Because of their increasing command over larger and more varied chunks of time, media companies such as News Corp. and the future AOL Time Warner are not much different than the commodity commandos of a century ago, the robber barons that controlled the oil and rail industries. Today's "time barons" work with international media buying firms and ad agencies to organize, develop and insert messages into the time they control, which is then delivered to the end consumer.

This clear "value chain" seems to have a significant inefficiency built into it, with the sale of this time component currently requiring tens of thousands of people to log hundreds of thousands of miles to sell millions of hours of consumers' attention on behalf of thousands of media venues.
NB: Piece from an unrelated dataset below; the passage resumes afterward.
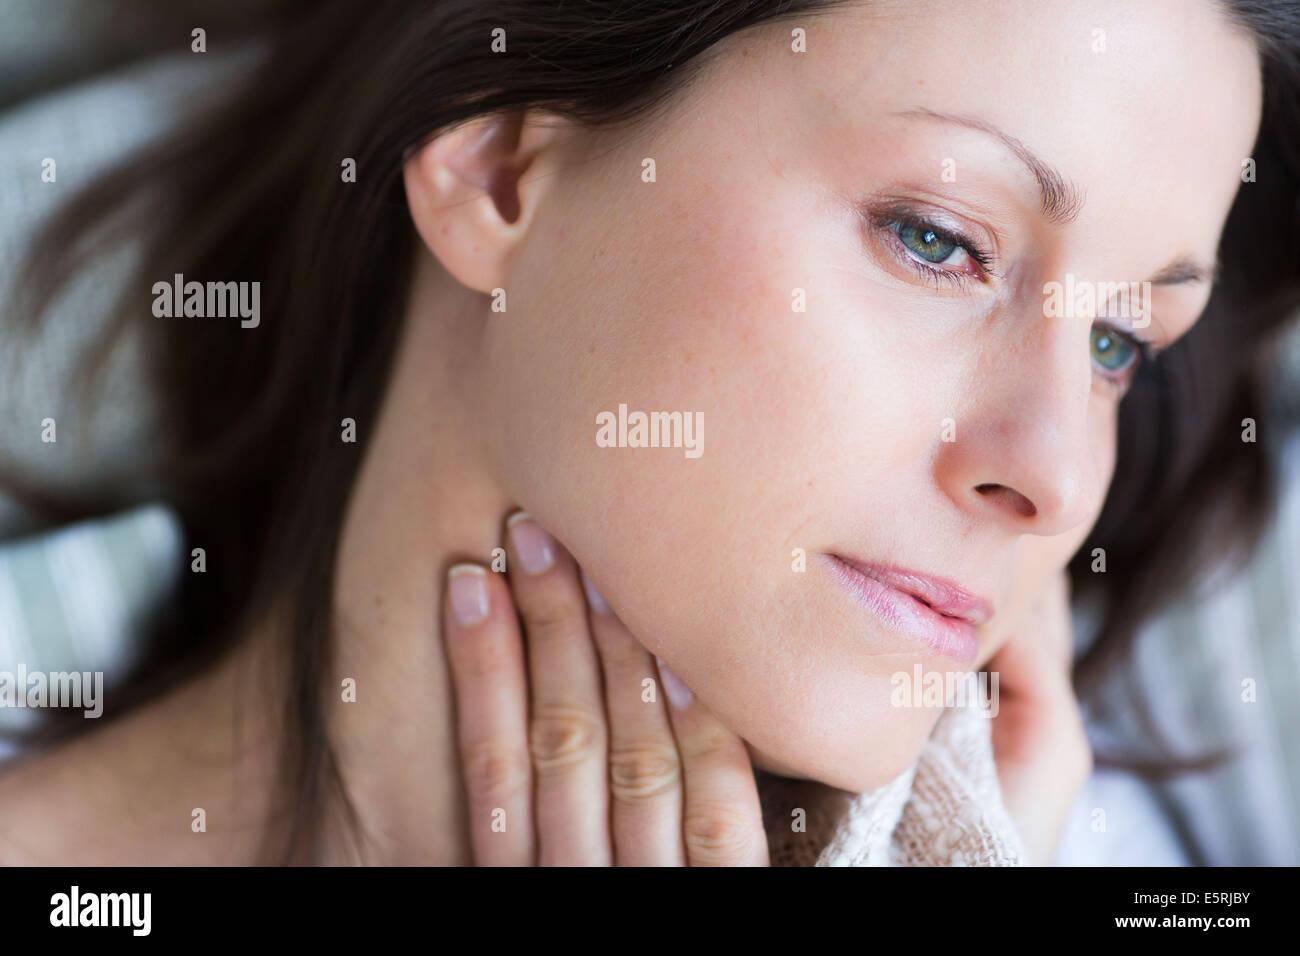 Sore throat. Woman stroking her throat. - Stock Image

Thus analyzed, advertising seems a clear candidate for reintermediation.

Currently, advertising is sold in a marketplace of varying degrees of transparency and efficiency--from network TV's upfront market (which strikes me as relatively open, if frenzied) to the hand-selling of magazine space (which seems opaque and wasteful).

Electronic marketplaces would level the playing field for all media, forcing them to compete using the same efficacy standards and pricing schemes. They would fully open the magazine industry to real competition, which would compel publications to prove their value beyond the suspect "research" that today peppers their media kits. TV, too, would have to adjust to a market that clears instantaneously, all day and every day. Gone the tumult of an abbreviated upfront that artificially boosts prices despite plunging ratings.
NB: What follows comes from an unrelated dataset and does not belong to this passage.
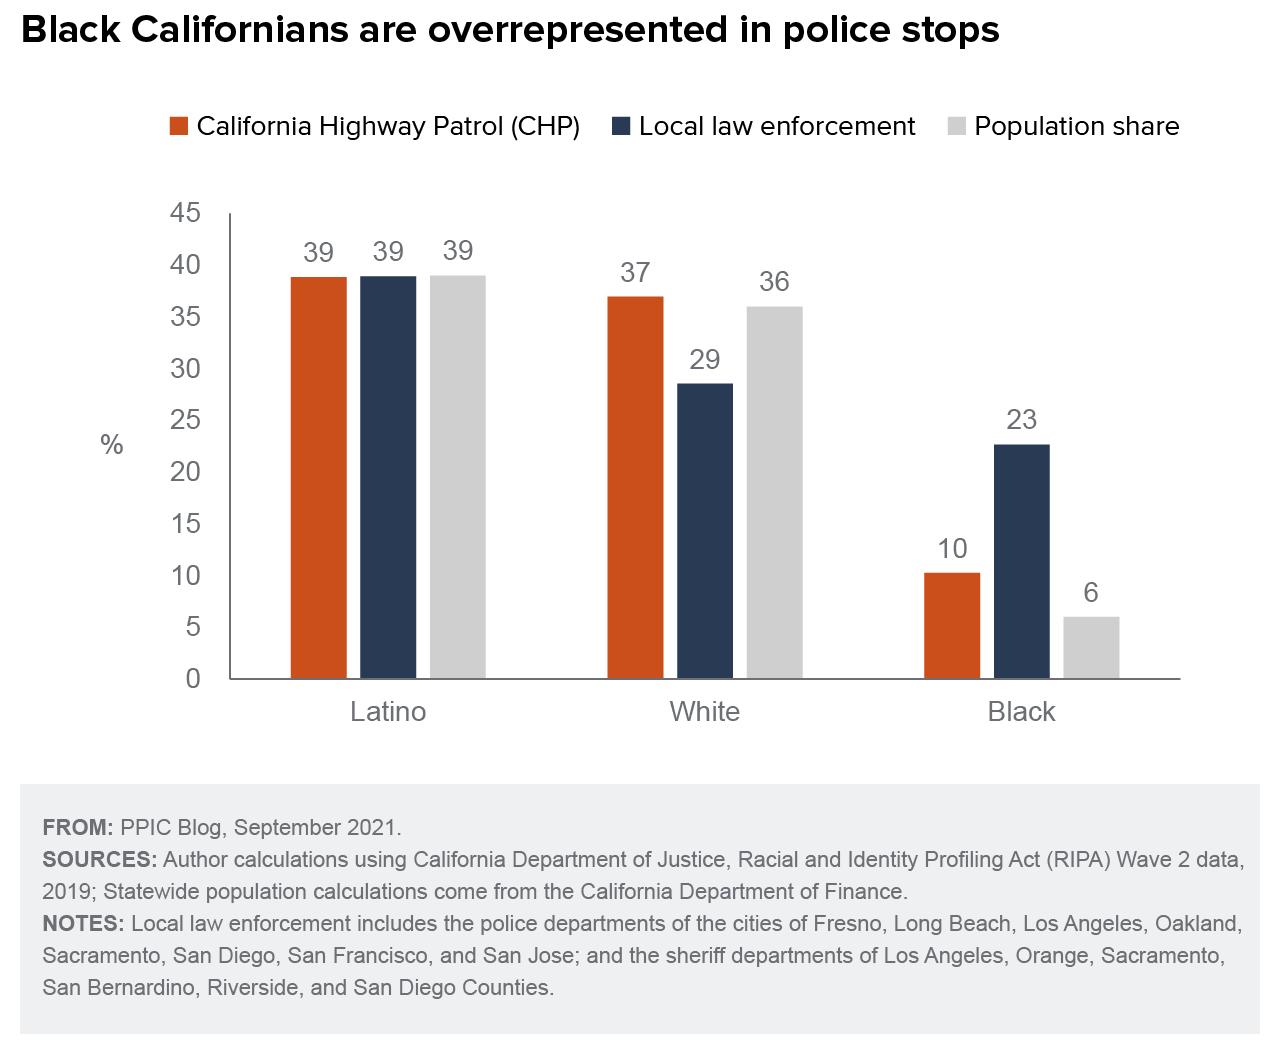 figure - Black Californians Are Overrepresented in Police Stops

The most obvious argument against this system is that the value-add of most media is the "specialness" of the environment. Usually, this translates into something like, "But you can only get what Vogue offers in Vogue!" Maybe. But the TV marketplace has shown for decades you can build in event premiums and still sell the bulk of time on a commodity basis.

A single giant advertiser could start the move to electronic advertising markets on its own, simply by requiring all media hoping for its ads to submit continuously pricing, availability, demographic and efficiency information to a proprietary digital space. Large media companies might have resisted that demand in the past, when, for example, broadcast TV was oligop- olistically controlled. But just imagine CBS trying to say no to Procter & Gamble Co. today. Once one company establishes the market and the technology, others can be invited in; if I'm not mistaken, American Airlines started Sabre on a not dissimilar basis.

Alternatively, an outsider can come in and try to reintermediate the advertising business. That's harder to do, and there likely will be bodies strewn on the path to success. But trust me, B2B is as real as ABC.